"The Sinuosities of the Ground": Sir Walter Scott, Borders, Fiction, and Landscape

Dr David Stewart

Thursday 14th October 2021 

Summary of the Talk:

Dr Stewart explores Sir Walter Scott’s complex relationship with the Anglo-Scottish border landscape, arguing that Scott doesn’t simply depict the Borders as a static scenic backdrop or national metaphor. Instead, Scott’s writing presents the land as dynamic, unstable, and richly polyphonic—a place full of movement, ambiguity, and human labour.


Key Points:

  • Romanticism and Place: The Romantic period saw an explosion of interest in landscapes—especially picturesque and sublime ones—but the Borders presented a challenge to tidy categorisation.
  • Washington Irving’s Disappointment: Irving’s puzzlement at the Borders landscape (monotonous and underwhelming) is mirrored in Scott’s fiction, where the terrain defies tourist expectations.
  • Scott’s Border Writing: In novels like Guy Mannering, Redgauntlet, and The Monastery, Scott depicts the land as a living character. Terrain like peat bogs isn't just scenery but something the characters must negotiate.
  • Landscape and Labour: Scott knew the land intimately, from both personal experience and reading. His understanding of soil, drainage, and planting—reflected in practical works and diary entries—deepens the way he writes landscape as a site of human effort, not just aesthetic pleasure.
  • Unstable Borders: The idea of the "Borders" is itself fluid—geographically, politically, and metaphorically. Attempts to map or define the region (natural features, administrative lines) often fail.
  • Form and Plot: Scott’s plots are deliberately meandering. Characters often get lost (literally and metaphorically), mirroring the instability of the terrain and rejecting tidy narrative arcs. His stories resist control, offering instead a “boggy map and a broken compass.”
  • Liminality and Ecology: Borders are not just national thresholds but ecological and existential ones. The region forces a constant renegotiation of boundaries—between solid and liquid, human and non-human, seen and unseen.
  • Tourist Satire: Scott affectionately mocks tourist characters (e.g., in Rob Roy or Redgauntlet) who try to aestheticise the Borders but fail to see their material complexity.
  • Concluding Thought: Getting lost in Scott’s work is the point. The land resists simplification, and so do the novels. The reader must learn, like the character, to navigate uncertainty.


Interesting Highlights:

  • "Sinuosities of the ground": This phrase, drawn from Redgauntlet, encapsulates Scott’s vision of the landscape—shifting, elusive, animate.
  • Scott as Environmental Thinker: His essays and experiments in landscaping show a proto-ecological awareness of how land can be shaped—and how it, in turn, shapes us.
  • Scott and Labour: Echoed in the Q&A, Scott's landscapes are sites of work—digging peat, farming, draining bogs—not just poetic abstractions.
  • The Monastery as Microcosm: Despite being critically undervalued, this novel powerfully exemplifies how Scott mixes aesthetic, spiritual, and ecological dimensions of place.
  • Critique of Picturesque Tourism: Scott doesn’t reject the aesthetic entirely, but shows how it's only one lens—often insufficient for grasping the real complexities of place.
  • Dialogue with Contemporaries: The talk drew interesting comparisons to artists like W.D. McKay and garden theorists, connecting Scott to wider currents in art and aesthetics.

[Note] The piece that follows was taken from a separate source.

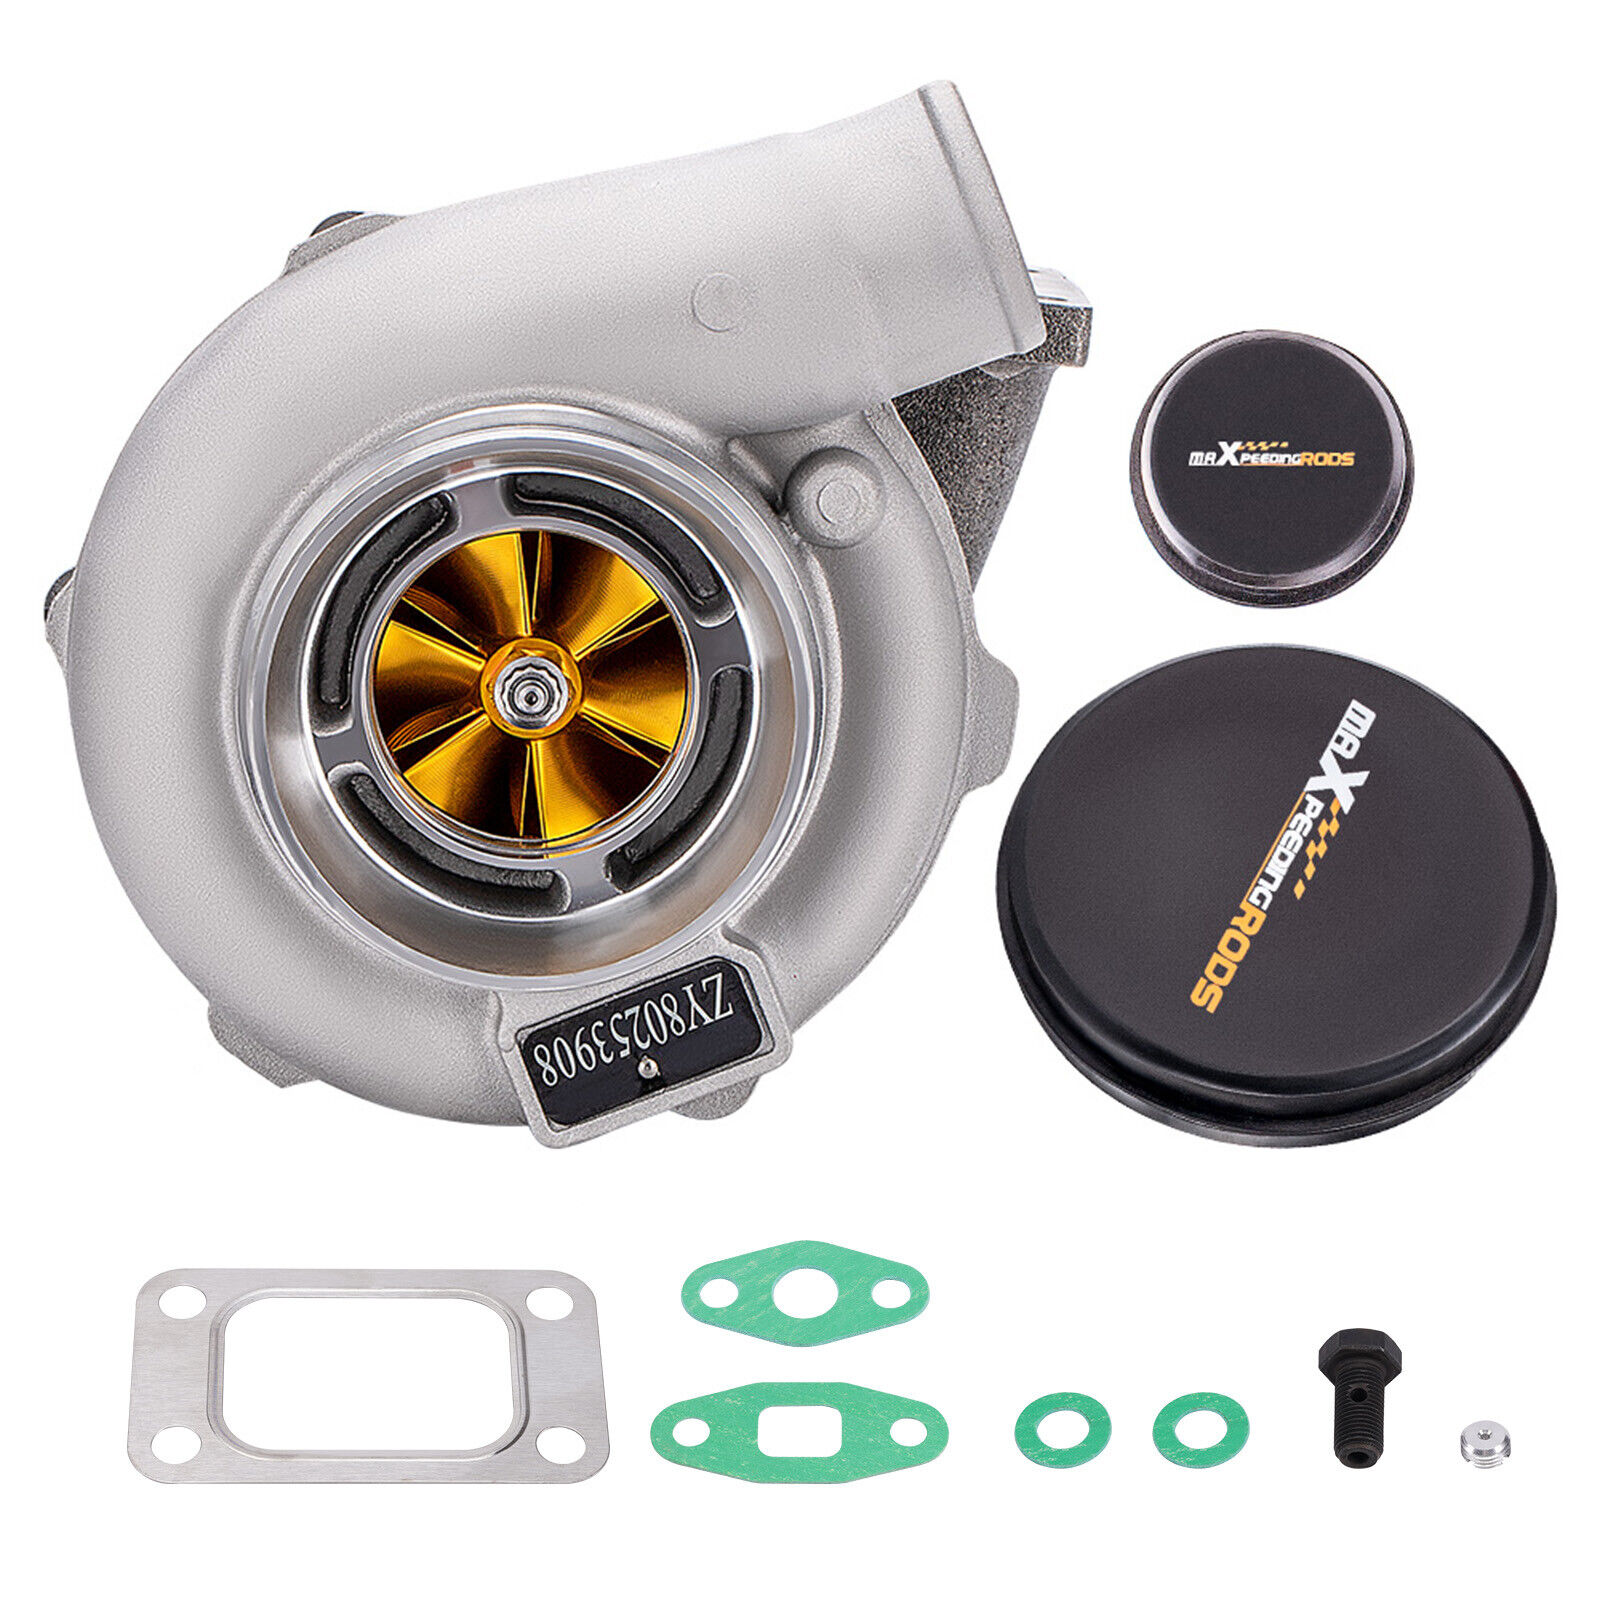 GT3076 GT3037 GT30 T3 Flange A/R .60 anti-surge universal Turbo Charger 500BHP

Dr David Stewart is Associate Professor of English Literature at Northumbria University. He is the author of Romantic Magazines and Metropolitan Literary Culture (2011) and The Form of Poetry in the 1820s and 1830s: A Period of Doubt (2018), and co-editor with John Gardner of Nineteenth-Century Literature in Transition: The 1830s (2024), as well as various shorter pieces on writers including James Hogg, Lord Byron, and William Wordsworth.